Мир за ее веками снова изменился, вернулись тени — ровно настолько, чтобы она могла разглядеть вокруг и других, увидеть изгиб туннеля метро. Звуки скрипки плыли по воздуху, и она поймала себя на том, что покачивается в такт музыке; она медленно кружится с ним по бесконечной орбите, обхватывает его руку, поглаживая сильные вены и сухожилия, творит мелодию из его пульса, мышц и костей. Стены содрогнулись, грохнули, заревели, и Этта подумала, поднимая взгляд, пытаясь разглядеть его лицо: «Пусть ревут, пусть рухнут к чертовой матери!».

Он склонил голову и попятился. Она пыталась остановить его, схватить за рукав, удержать пальцы, но он исчез, словно теплый бриз, оставив ее одну, низвергнутую и брошенную.

«Не оставляй меня, — подумала она, чувствуя, как уходит тяжесть, переполняющая все тело, и возвращаясь в себя, дрожа от страха, — только не сейчас…».
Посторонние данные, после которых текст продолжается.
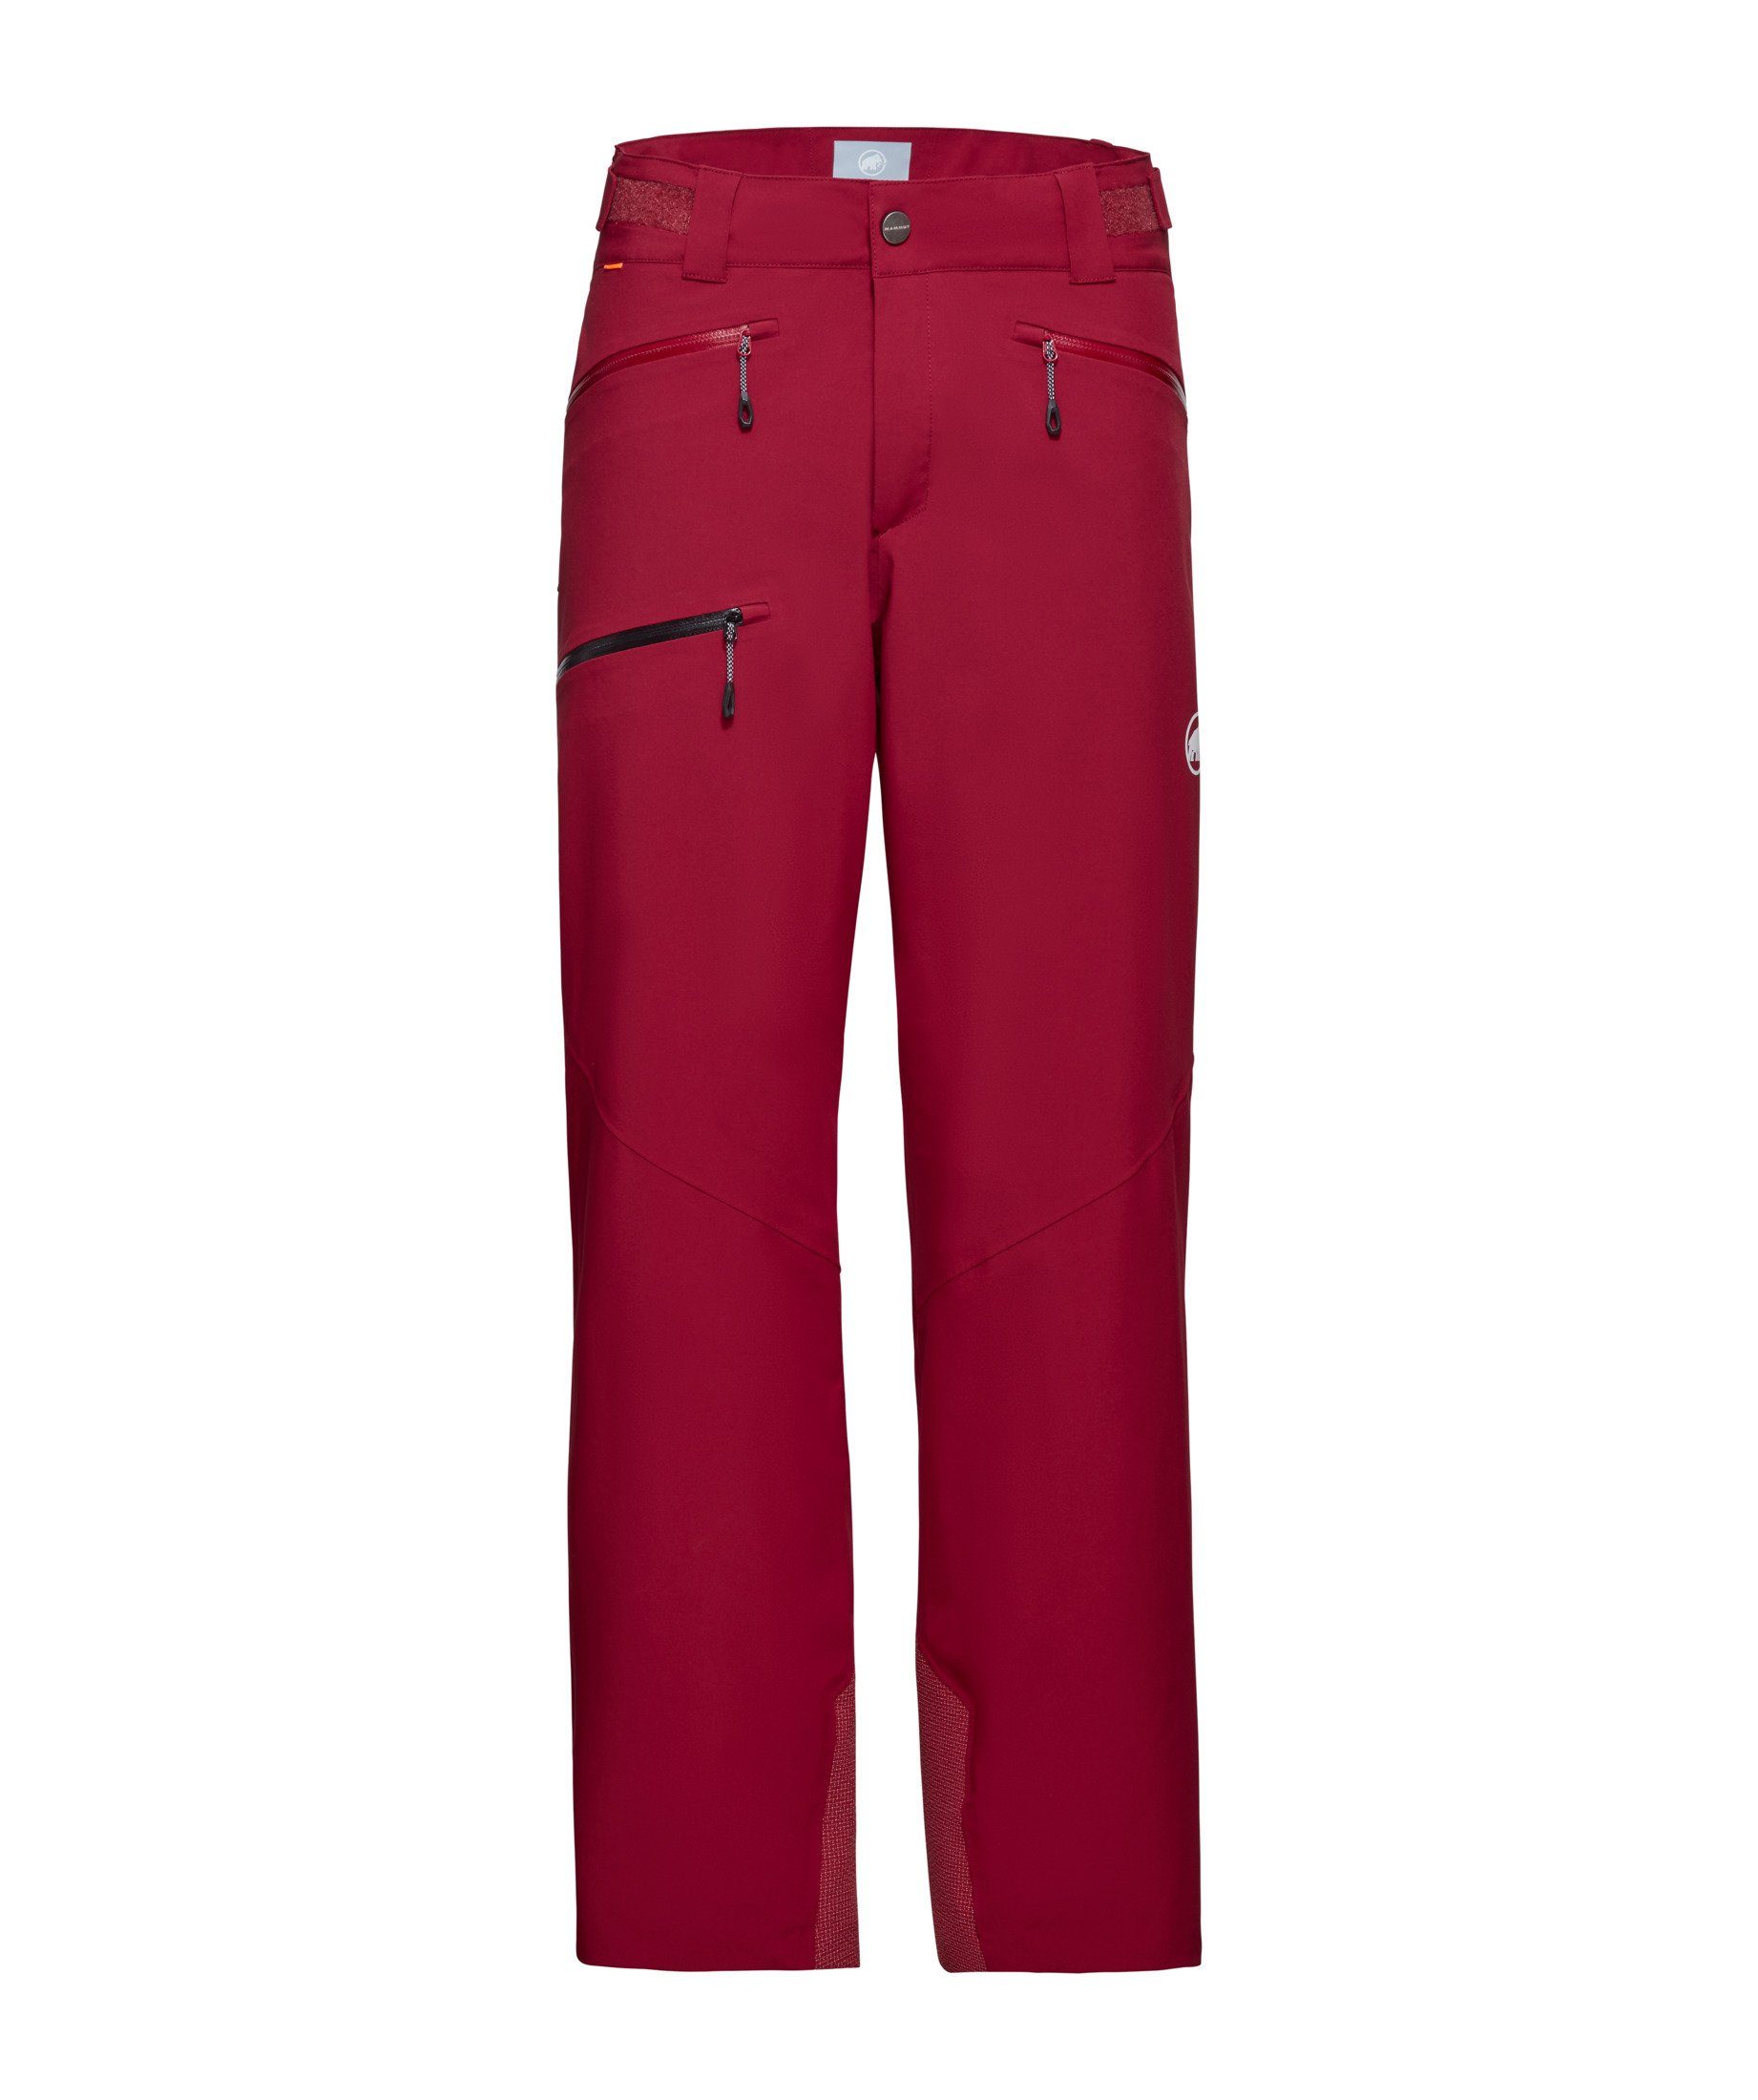 Mammut Skihose Stoney HS Thermo Pants Men blood red

Николас ответил ей со смехом: «А нынче «С добрым утром!» говорим мы душам, в страхе…»

Этта открыла глаза.

По крайней мере, ее вены больше не горели огнем, как в пустыне. Но она чувствовала себя такой же бесплотной, как пылинки, танцующие вокруг мигающей свечи на прикроватном столике. Она не шевелилась, стараясь дышать ровно, пока оглядывала комнату из-под низко опущенных ресниц.

Прямо у изножья кровати, в кресле, сидел человек.

Этта успела поймать чуть не вырвавшийся вскрик. С кровати ей была видна только макушка густых темных волос. Свет свечи выхватил несколько серебристых прядок. На нем была простая рубашка и свободные брюки, смятые неудобной позой. Одна рука с зажатым между пальцами галстуком-бабочкой держала на коленях раскрытую книгу, другая — свешивалась к полу. Грудь спящего размеренно поднималась и опускалась.

Неприятную мысль, что за нею наблюдали, пока она спала, не в силах ничего сделать, быстро вытеснило осознание, сколь небрежно караульный относился к своим обязанностям.

Порыв ветра высушил слезы и пот на ее лице, встопорщил воротник его рубашки — окно за длинными плюшевыми шторами карминового цвета было открыто.

Медленно, стараясь не издать ни звука, Этта переменила позу, закусив губу от боли, пронзившей ее от макушки до пальцев ног. Глазами быстро обежала комнату: красивый письменный столик у стены, оклеенной обоями с цветочным рисунком, рядом бюро — такое большое, что, казалось, вся комната была построена вокруг него. И столик, и бюро были сработаны из того же полированного дерева, что и ее кровать; по углам, сплетаясь друг с другом, тянулись лианы.

Прекрасная позолоченная тюрьма, не поспоришь. Однако нужно как можно скорее найти выход.

Комнату освещало несколько свечей: на столике, на бюро, на стене около двери. Благодаря неверному свету она смогла увидеть свое отражение в запыленном зеркале; правда, изображение разбивалось огромной трещиной и искажалось неровным стеклом.

О Боже!

Этта протерла глаза и снова недоверчиво рассмотрела себя. Она знала, что в Дамаске ее бледная кожа набрала цвета, но теперь лицо шелушилось от солнечного ожога. Грязные волосы ей заплели в косу, открыв ввалившиеся щеки и синяки. Выглядела она больной, если не хуже. Если бы ей не вымыли лицо и руки, она бы подумала, что ее протащили за такси по Таймс-сквер. И не раз.

Однако, пожалуй, хуже всего было то, что кто-то, пока она спала, снял с нее всю одежду, надев длинную, до пят, ночную рубашку, чопорно завязанную отвратительно-розовой лентой под самое горло. Этта надеялась, что это был тот же человек, который позаботился перевязать ей плечо и вообще как мог привел ее в порядок. И все же ее передернуло от собственной беспомощности.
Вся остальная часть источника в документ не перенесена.